Nasza Loteria SR - pasek na kartach artykułów

Damian Dąbrowski, defensywny pomocnik Cracovii: Mam większą przyjemność z gry w piłkę

Jacek Żukowski
Jacek Żukowski
Damian Dąbrowski (Cracovia)
Damian Dąbrowski (Cracovia) Andrzej Banaś
Damian Dąbrowski, defensywny pomocnik Cracovii wreszcie może cieszyć się grą w piłkę.

- Można powiedzieć, że wreszcie przechodzi Pan pełny okres przygotowawczy do sezonu, bo ostatnio był z tym problem.

- Fakt jest taki, że wreszcie, od dłuższego czasu, już nie liczę od kiedy, mam normalny cykl przygotowawczy. Z tego się cieszę najbardziej. Na obozie w Turcji czułem się dobrze z piłką. Można powiedzieć, że wróciło mi jej czucie. Trening po treningu starałem się dawać z siebie sto procent i liczę na to, że przygotowanie fizyczne powinno być na dobrym poziomie.
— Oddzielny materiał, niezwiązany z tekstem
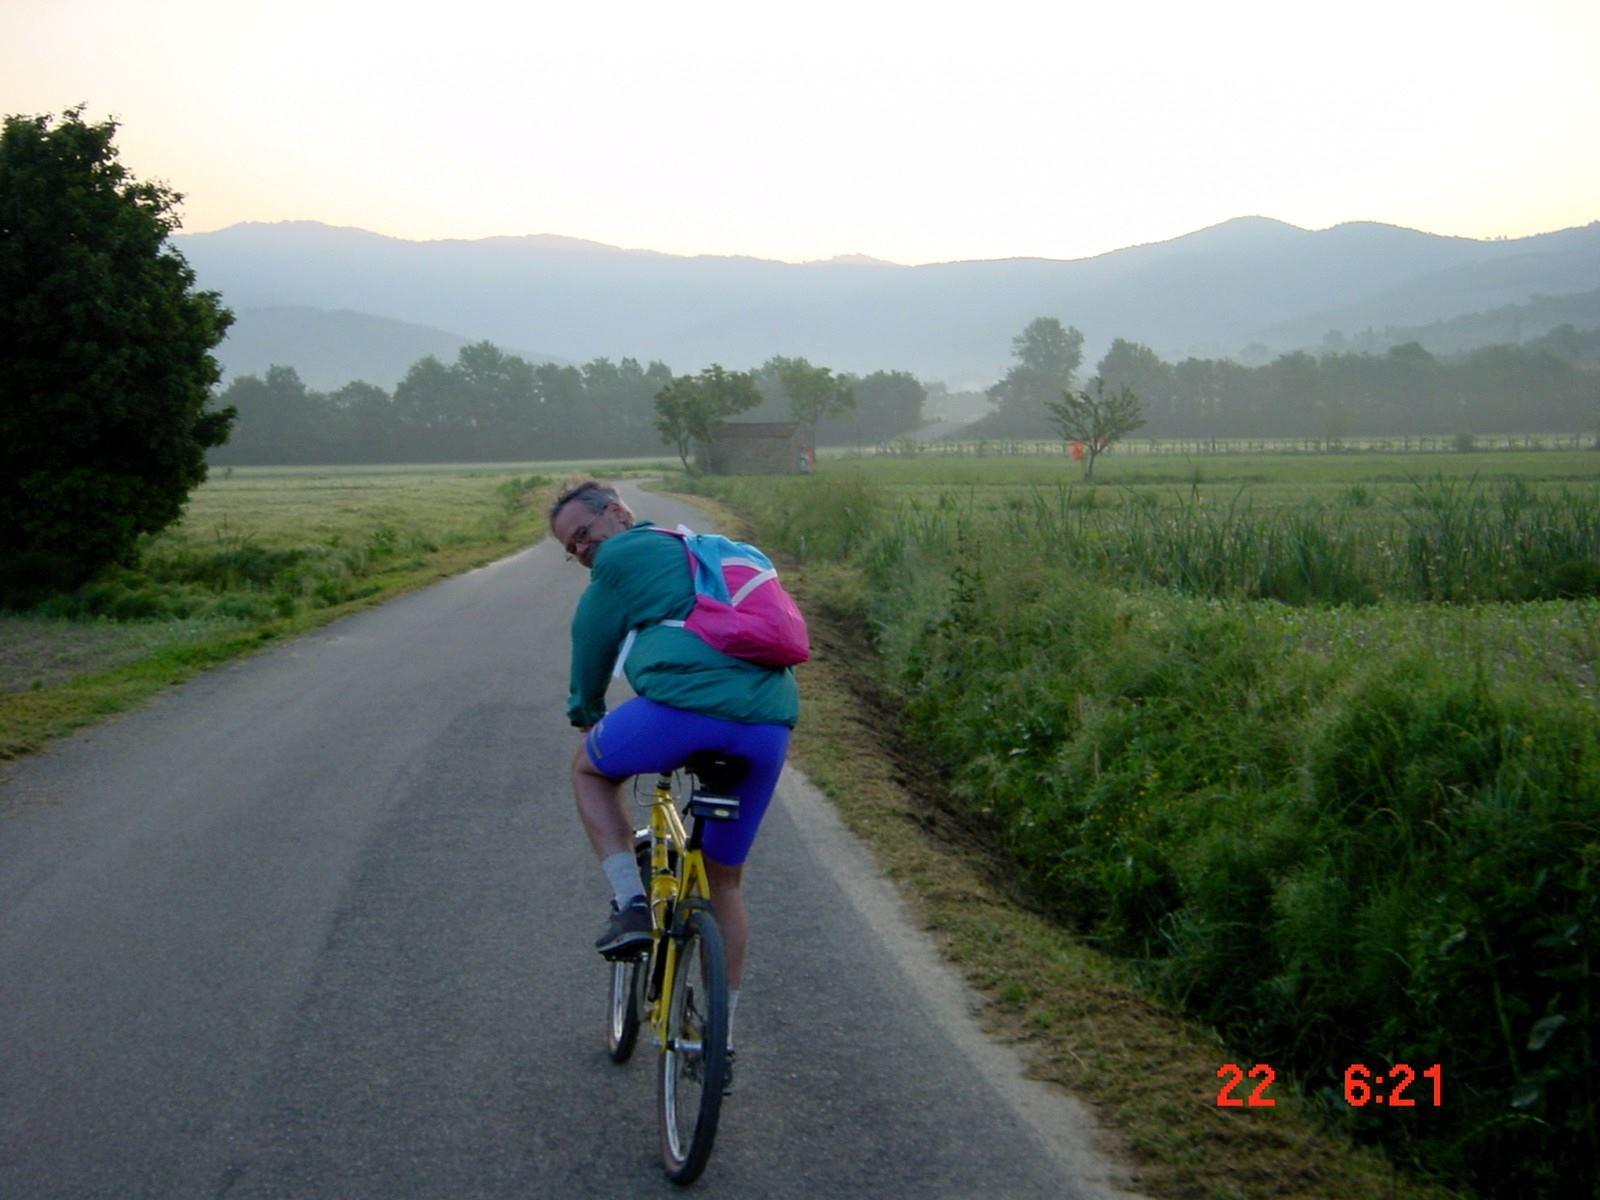 Foto: Manfred Karl / Mountainbike Tour / Monte Castel Giudeo, 1037 m / Kurz nach dem Start / 20.06.2007 06:31:13

- Wszedł Pan do gry na końcówkę ubiegłego roku, rozegrał Pan dziesięć spotkań. Widzi Pan różnicę między tamtym czasem, a obecną dyspozycją?

- Wszystko się okaże w meczach, ale czuję, że jest lepiej, w grach treningowych lepiej się odnajduję, mam większą przyjemność z gry w piłkę, niż dwa miesiące temu, choć wtedy nie narzekałem.

- Na tle takich rywali jak Partizan, Achmat można się było pokazać?

- Tak, graliśmy mecze z nieprzypadkowymi zespołami. Tylko wiadomo, to są okresy przygotowawcze, drużyny są na różnym poziomie, jest spora rotacja w składach, nie ma co się przywiązywać do rezultatów, choć na pewno każdy ma w podświadomości, by wygrywać sparingi. Po co grać, by przegrywać? To mijałoby się z celem. Trenerzy uczulają na to, by już w sparingach nabierać pewności siebie, by drużyna łapała serię, bo to jest ważne.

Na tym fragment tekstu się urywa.